Skaggfacemutt's avatar

No, going for my gun would be a last resort. I was taught in the concealed carry class not to pull the gun unless you are going to use it. Which means to me that if I take that step, someone’s going to die. No ifs, ands or buts. So no, I wouldn’t go for the gun unless someone was going to die anyway, and even then it would have to be me or a loved one. Unless there was a mass shooting going on – then I would use it. But I have never been in that situation, so who knows what I would actually do. I would like to know that myself.

ARE_you_kidding_me's avatar

I almost never have one out in public but if some one breaks in to my house in the middle of the night and the sight of the business end of a pistol does not convince them to leave then they may get shot. Honestly though I’ll probably use my pepper spray and call the cops when in public. That’s always at least as nearby as my car. There have been some high profile murders where I live, It has changed the way people think about things. After it happened there was a wait list of over a year to get into a cc permit class. If I’m armed and something happens then like others have said it’s a last resort. A last resort means I’m probably going to die not someone wants my wallet.

tomathon's avatar

If I did not cause the incident, then it is not my problem, so I feel no obligation to intervene. I bought firearms to protect myself, not others. Plus, you have the whole liability issue. I could be sued or prosecuted for unintentional injury or wrongful death. For this reason and on account of the Zimmerman case, I recently decided to purchase an Israeli bodyguard service, so if such incident should occur, it is their problem. I still carry, but I don’t expect to ever draw my weapon in a public domain unless both bodyguards were not around or taken out. I’ll still visit the shooting range though. I don’t expect the bodyguards would intervene either in a given opportunity to help someone since they would be breaking protocol and my contract.

echotech10's avatar

That is 100% illegal in the State of Florida. I have a firearm carry permit, and am prohibited by law to intervene. When I am carrying I either have my .38 revolver or my .380 semi-automatic pistol. My firearm is a “last resort” means of defense. If I can use a non-lethal means, I would rather do that.
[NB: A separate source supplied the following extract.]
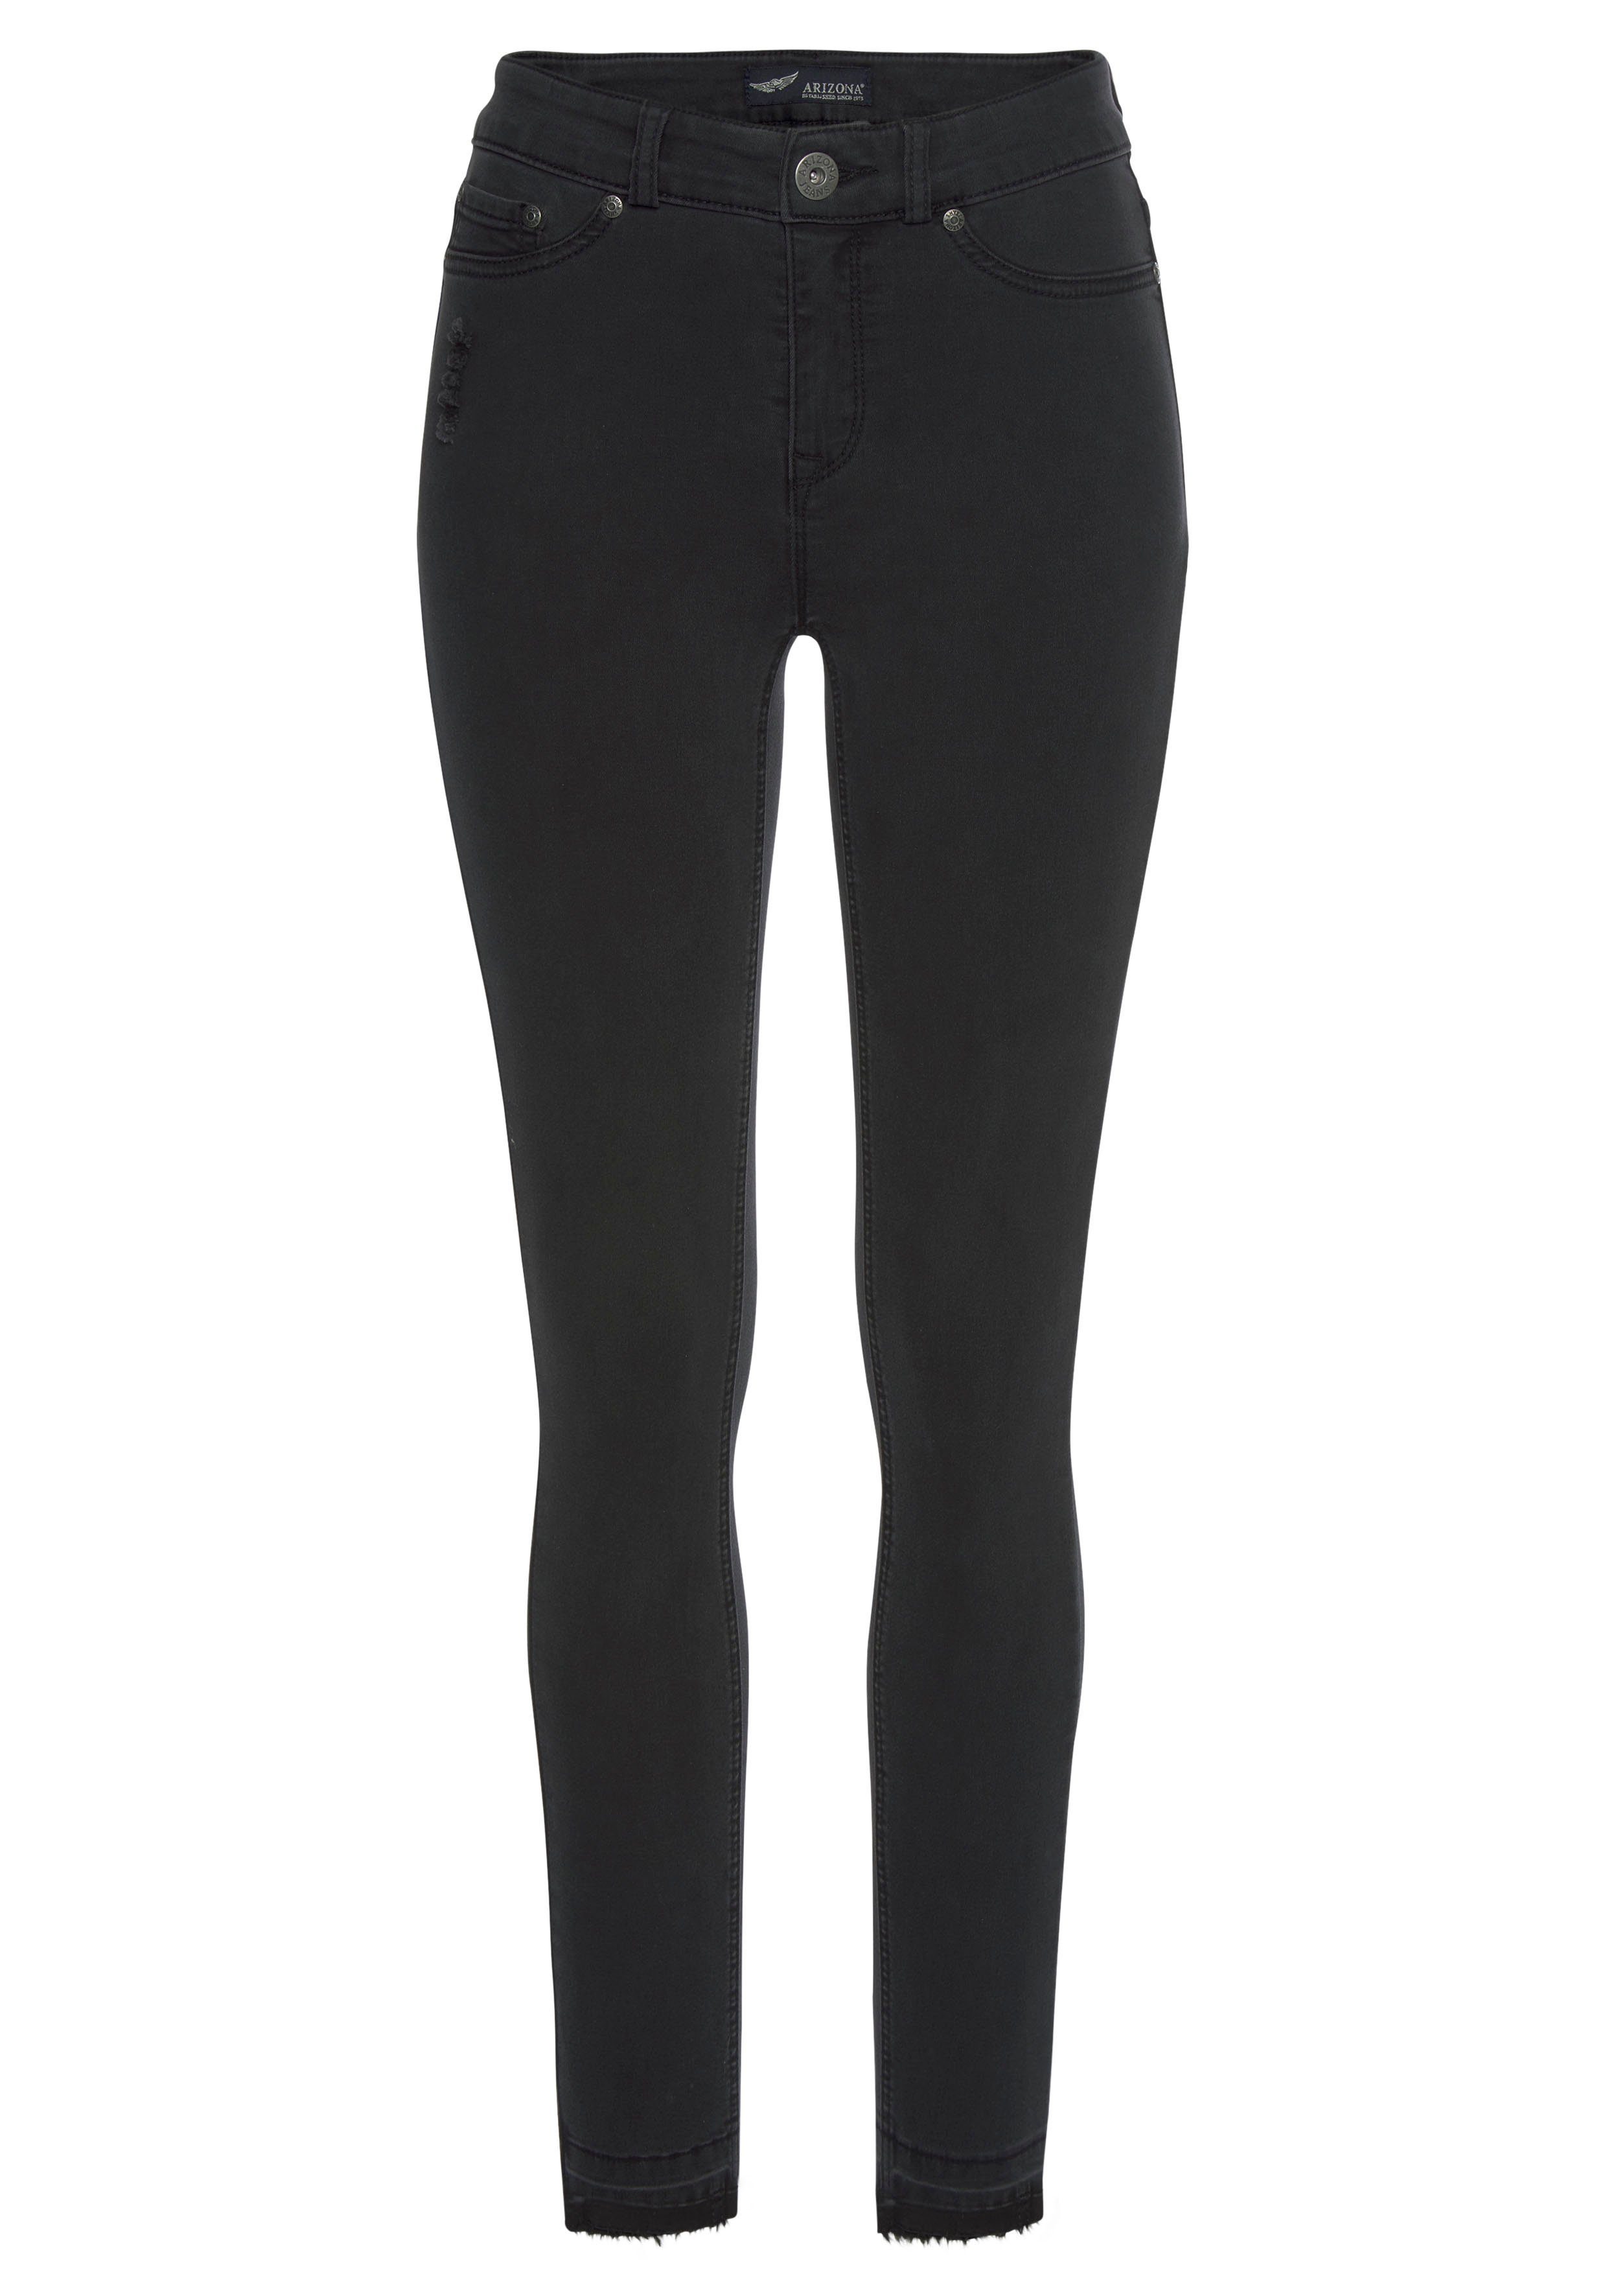 Arizona Skinny-fit-Jeans Ultra Waist High Saum dark-grey Stretch offenem mit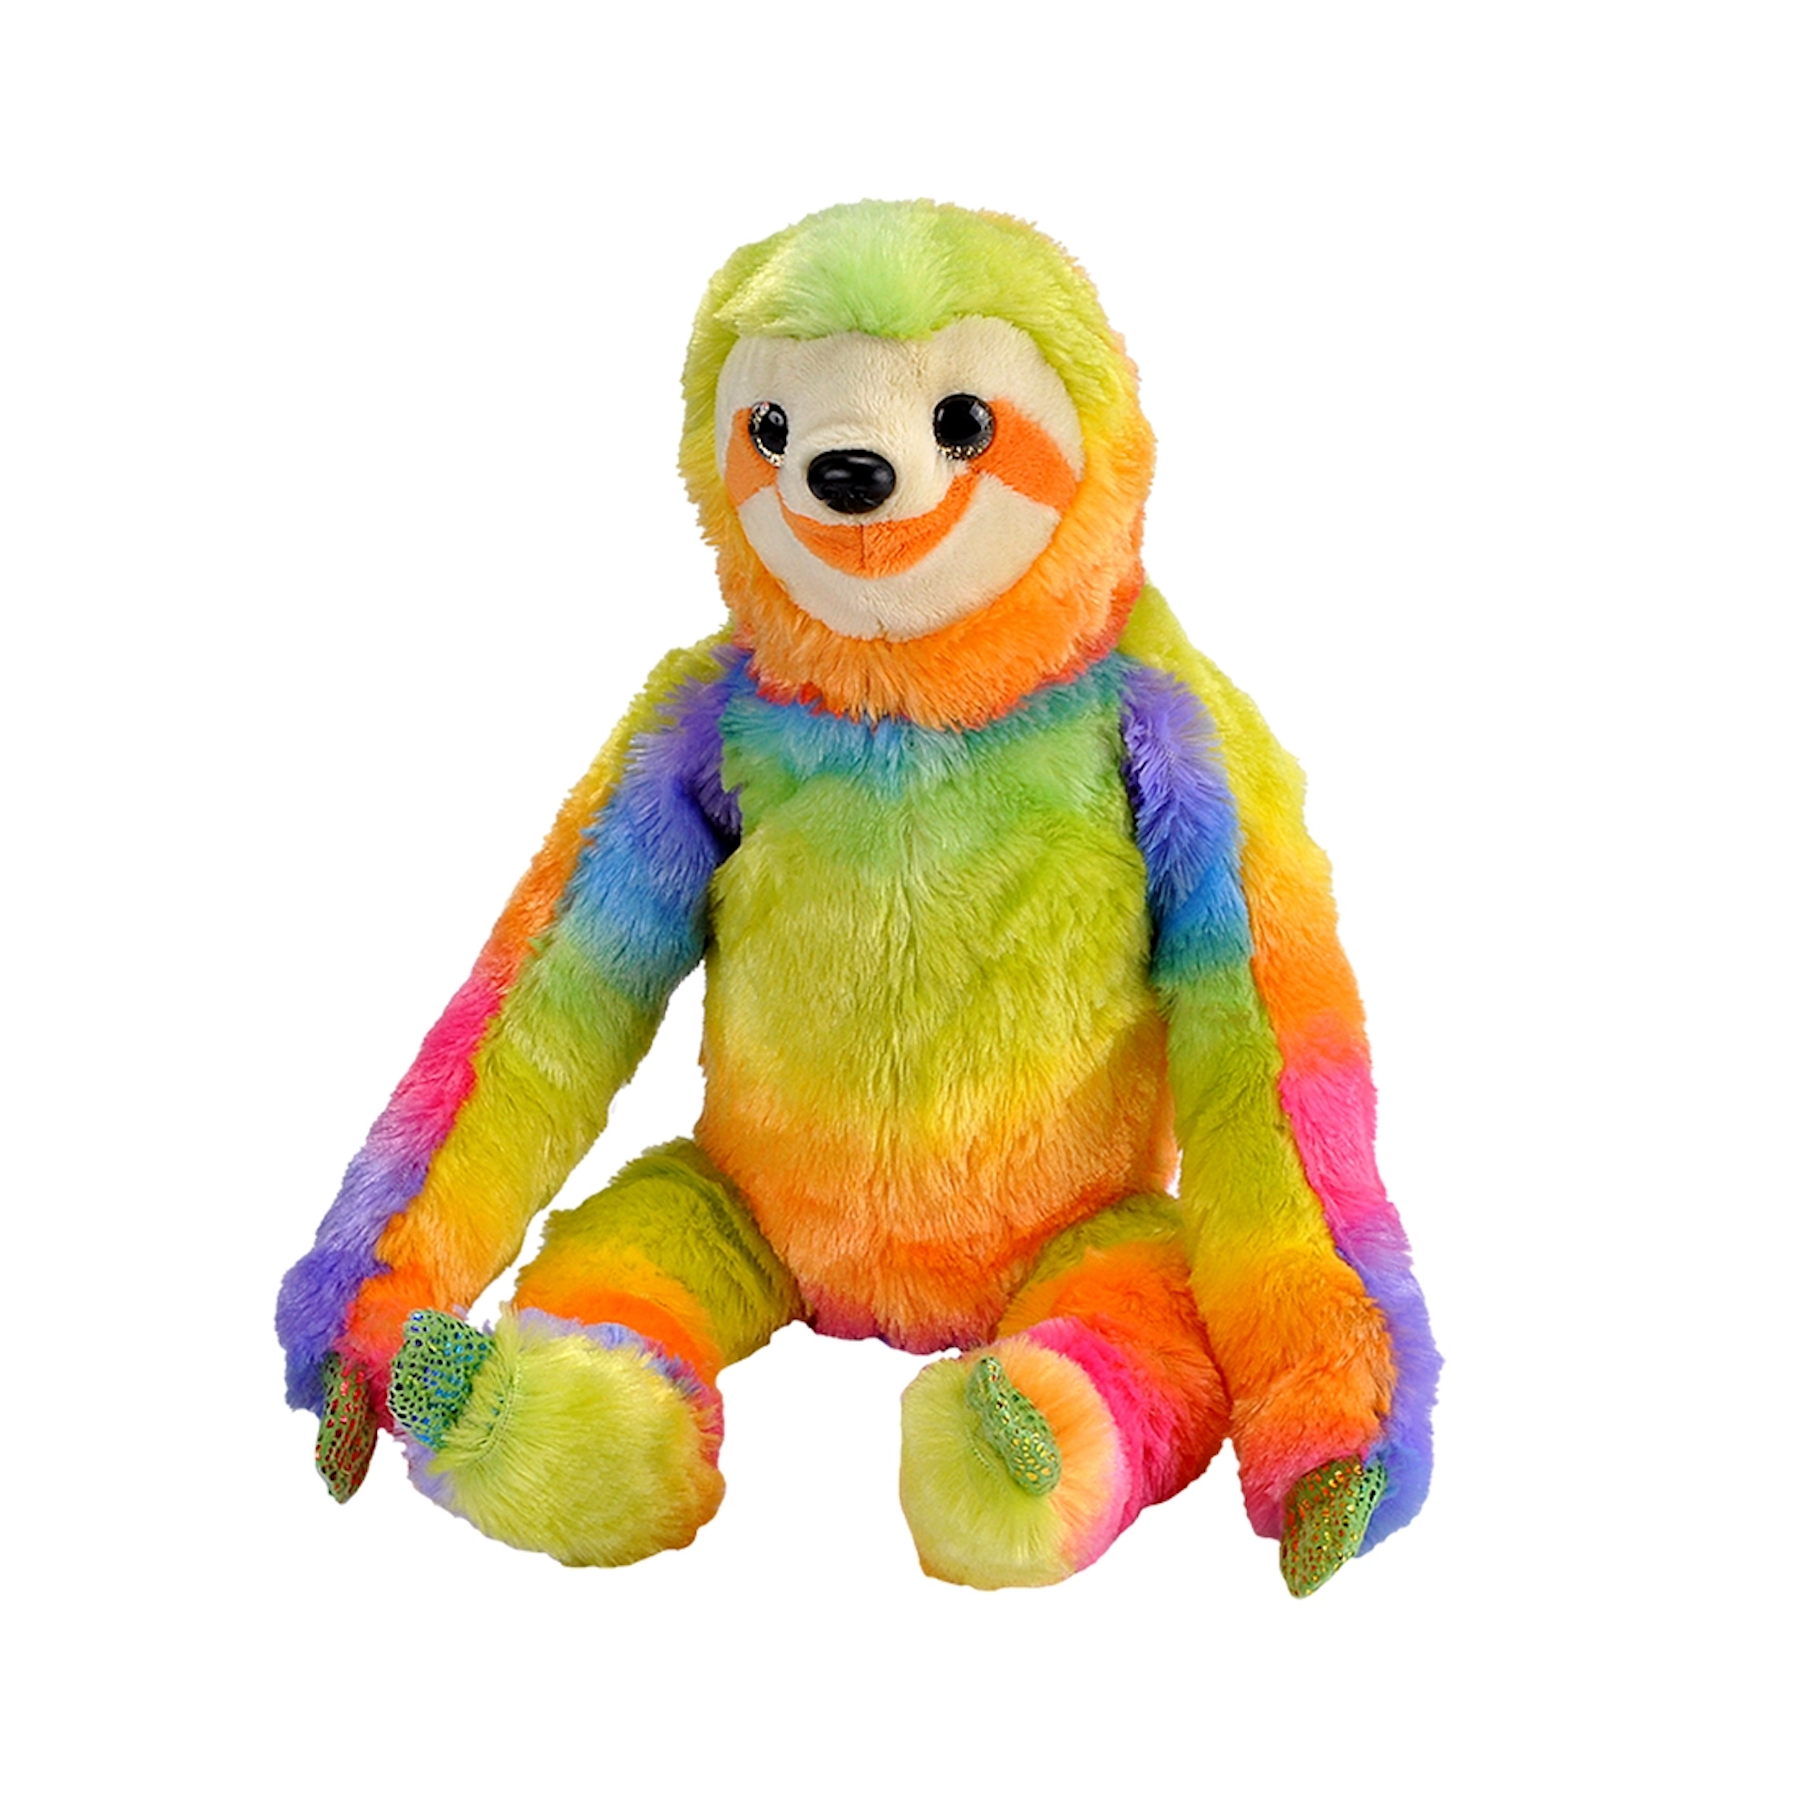 Rainbowkins Sloth Stuffed Animal - 12"

I can only use that firearm I am carrying to protect myself and my family. Otherwise that goes under vigilanteism. So, no, I do NOT intervene nor will I intervene. That is what the police are for, and at most, I would call the police.

cheebdragon's avatar

If you aren’t confident in your aim, you should not own a firearm.

Aspoestertjie's avatar

There are better ways to deal with confrontations than to use a gun. I will not feel obligated to intervene even if I am better prepared than most people. To use a gun, even in my home should be the very last option to take.